LMAO!!! Love the honesty!

2092 days ago


@ #13

Rant some more about Charles Barkley mking great music.
How racist of you to list composed of all African American artists and call them mongrels. You just stuck your foot in your mouth, Charles doesn't make music, that's "Gnarles Barkley."

2092 days ago


What a dumba$$. He looks like a Milk Dud and obviously has the intelligence of one too.

2092 days ago


Well ESPN should be real proud of him now....................

2092 days ago

Wayne Newtn    

Hey "But I am le tired..."

Read this post from some dude named "einstine"...It makes pure sense !!!!

one and all,

i must resurrect my hypothesis that of which i am most known: 'Bling
Splatt the Cause of Pre-Mature Death among Rappers'.

As submitted to the New England Journal of Health, the American
Medical Association, National Geographic, Reader's Digest, and

My postulate that the root cause of death among rappers is not due to
black on black crime, per se. But, due to the inordinate use of metals
within the framework of their upper torso, in the region of what is
known on the street as 'da grill'. Commonly used metals such as
silver, gold, platinum, and an occasional diamond or two (dependent
upon the rappers ability to sell their wares - ie records - ) as
placed in the oral cavity of said rapper, causes reactions such that
mortality rates are a foregone conclusion. There is no cure for
'Bling Splatt", the diagnosis is death.

What causes 'Bling Splatt'? There is no simple answer. My theory
revolves about the idea that low IO levels of said rappers combined
with calcuim and phosphorous (previously stated in street slang as
'da grill') when mixed with metals and/or metallic objects react such
that positively charged electrons are emitted which when released
within the parietal lobe send such a large electrical pulse
throughout the parietal region of the brain, that the organ cannot essence...KABOOM !!!...the brain has "Brain

Collegues at the Bellevue Mental Hospital, Def Jam Records Inc.,
Johns Hopkins Medical University, and Toys 'R Us are in concert with
my hypothesis, theories, and ideas. They are all in agreement that
more study and review is needed in this arena of medicine. I have
applied for a $500 Billion bailout for study and research and a few
luxury amenities for myself (Mustang Ranch, Nevada trips for me and
the staff, and dubs for my Prius). President-elect Obama has been
apprised of this situation and receives daily updates as to which
rapper is next believed to contract the illness as such. The Central
Intelligence Agency (CIA), the Federal Bureau of Investigation (FBI),
the Secret Service, MI6, Scotland Yard, and Elmer Fudd are conducting
intelligence quotient (IO) tests on secretly on unsuspecting rappers,
as we speak, in order to compile and update their existing files of
low intelligence rappers.

Such a twist of fate that belies our 'mos def freestylin'
word-slangin' prophets. That there by the grace of God, he shall
speak. But, there by the grace of God, when he speaks with mouths
full of 'bling', his head will go BOOM !!!

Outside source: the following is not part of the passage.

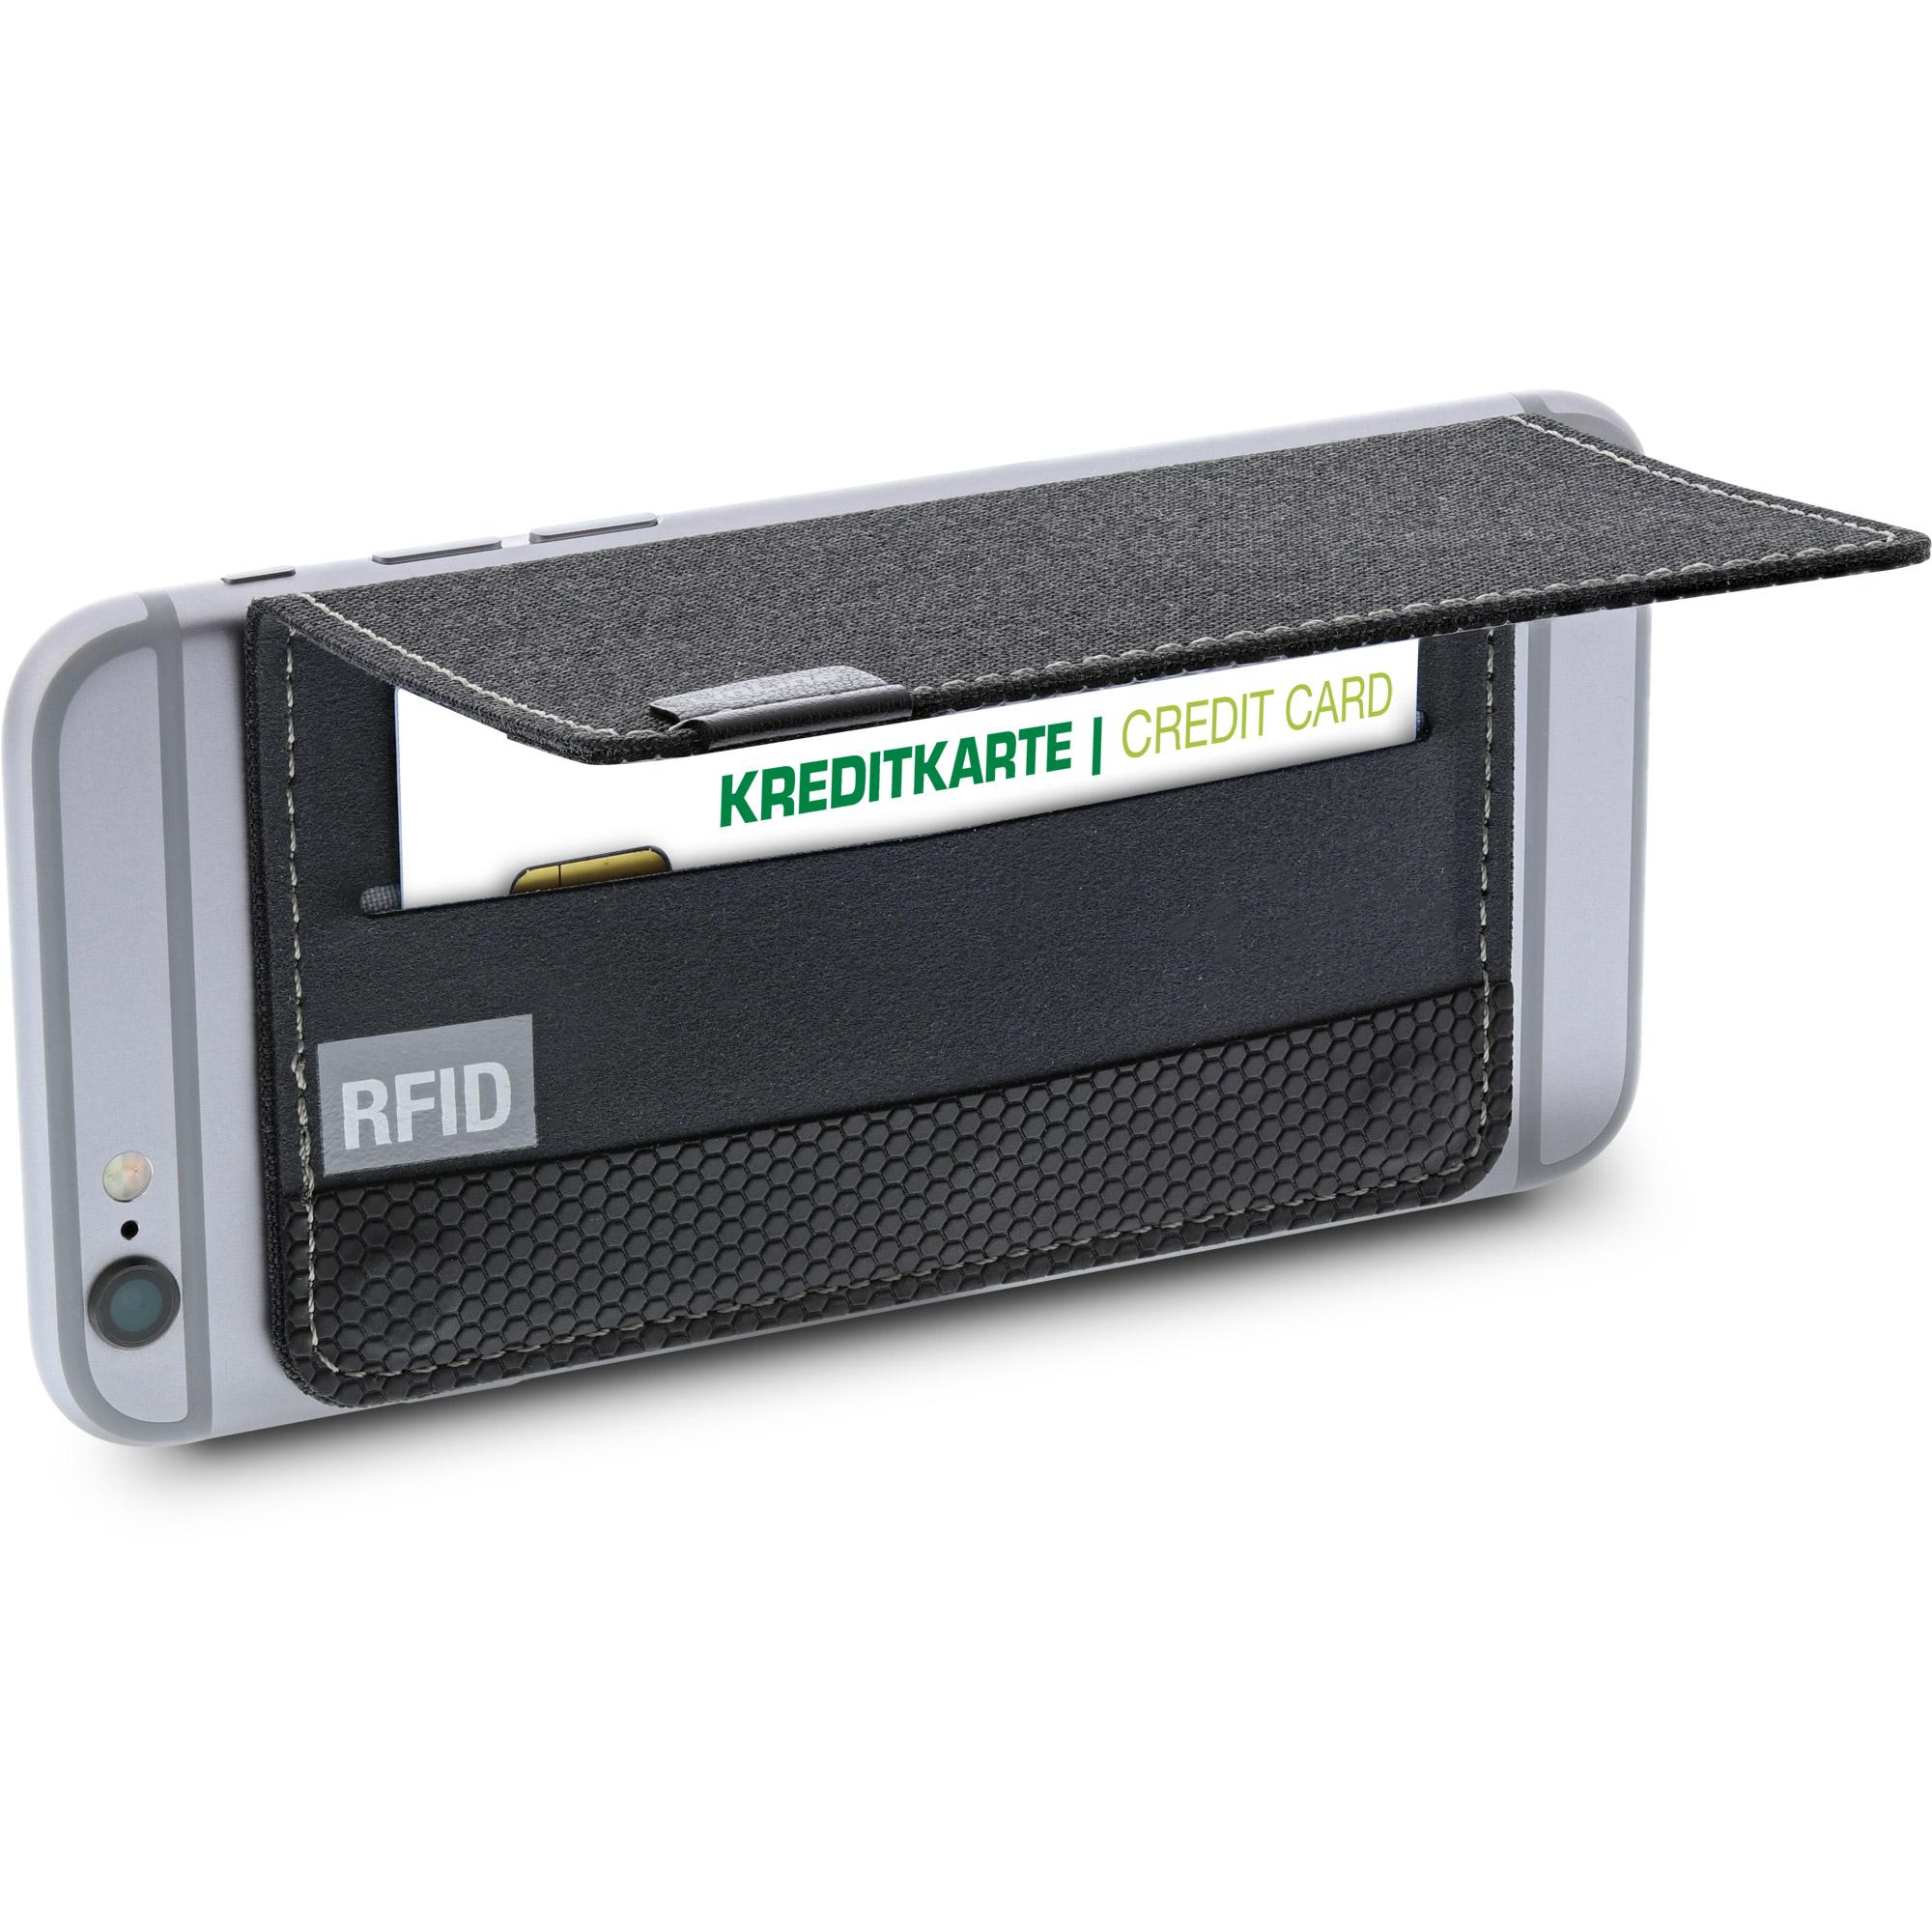 Tragbares Audio & Video Digital Usb Stereo Tragbare Adapter Radio Empfänger Auto Tupfen Mini Durable Für Android Navigation Heimgebrauch System Dongle Unterhaltungselektronik

My services are rendered to expose the truth regards the death of our
nations rappers. Word !!!


2092 days ago

Rip It Up    

He's a pig, but he admits it.

2092 days ago

wasted days and wasted nights    

Was she hot or devine?

2092 days ago


What a great role model. Right up there with Wesley Snipes...

Well, at least Obama was elected and has a shot to undo the damage of these idiots.

2092 days ago


Who doesn't want a BJ after a night of heavy drinking ahahahaaaaaa you got caught son!